La ministre de l’Economie, du Plan et du Développement de Côted’Ivoire, Kaba Nialé, a planté le décor de la campagne de reconstitution des ressources de l’Association internationale de développement (IDA 21) en marge de l’Assemblée pour le développement économique de l’Afrique, ouverte ce mercredi 9 octobre à Abidjan autour du thème : « Mettre fin à la pauvreté sur une planète vivable : avoir un impact avec urgence et ambition ».
Pour cette campagne IDA 21 co-organisée par le groupe de la Banque mondiale, Global citizen, Bridgewater Associates et le gouvernement, il est question de mobiliser au moins 120 milliards de dollars US pour soutenir le développement des pays les plus pauvres, dont une grande partie sont en Afrique.
Ainsi, la rencontre de ce mercredi vise, selon Kaba Nialé, à « amplifier le plaidoyer porté en avril dernier à Nairobi au Kenya, en vue d’une reconstitution conséquente de l’IDA en décembre 2024 à Séoul en Corée du Sud ». La précédente reconstitution (IDA-20),achevée en décembre 2021, porte sur la mobilisation d’une enveloppe de financement de 93 milliards de dollars.
Si le montant de l’IDA 20 fut un succès, les défis actuels obligent à une reconstitution encore plus élevée en témoigne, selon les autorités, la problématique du dérèglement climatique, du financement des économies, de l’accès à l’énergie, des crises sécuritaires, de l’insécurité alimentaire et la modernisation des secteurs productifs, etc. Pour réussir ce Pari, Abidjan veut, entre autres, encourager l’engagement des gouvernements à travers la mobilisation des ressources intérieures, favoriser les investissements privés et plaider pour un financement adéquat permettant de relever les défis et saisir les opportunités de développement en Afrique.
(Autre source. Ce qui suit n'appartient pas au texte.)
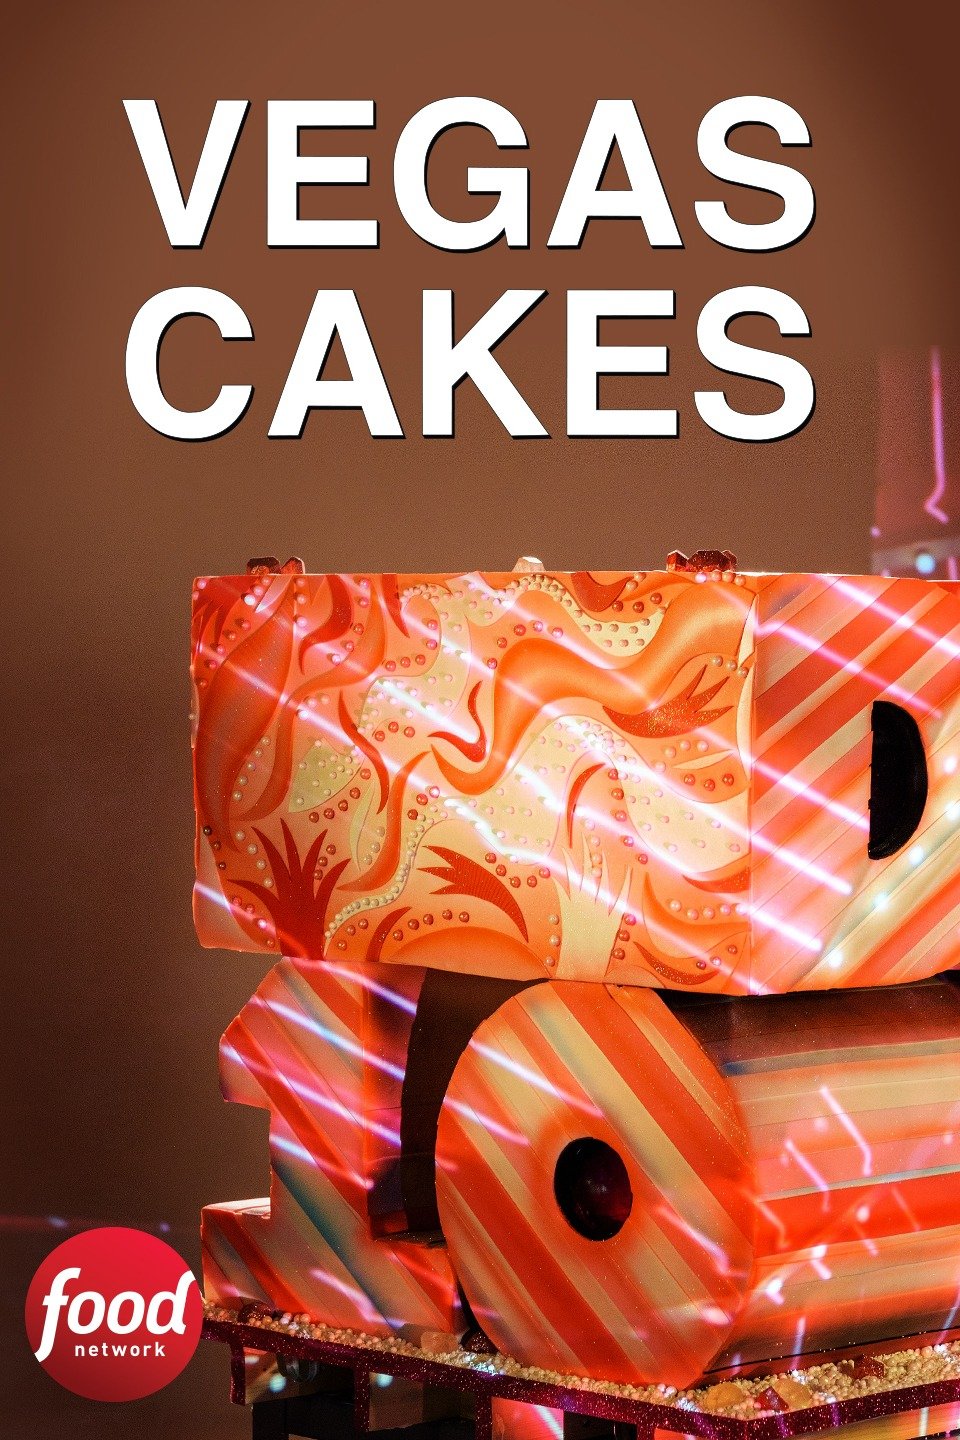 Vegas Cakes - YouTube

L’IDA qui est un guichet du groupe de la Banque mondiale « figure parmi les principaux bailleurs de fonds des 75 pays à faible revenu du monde, dont elle est la première source de financement pour le développement des services sociaux de base. L’IDA prête des fonds à des conditions concessionnelles. Les crédits de l’IDA portent un intérêt très faible ou nul, et que les remboursements sont étalés sur 30 à 40 ans ».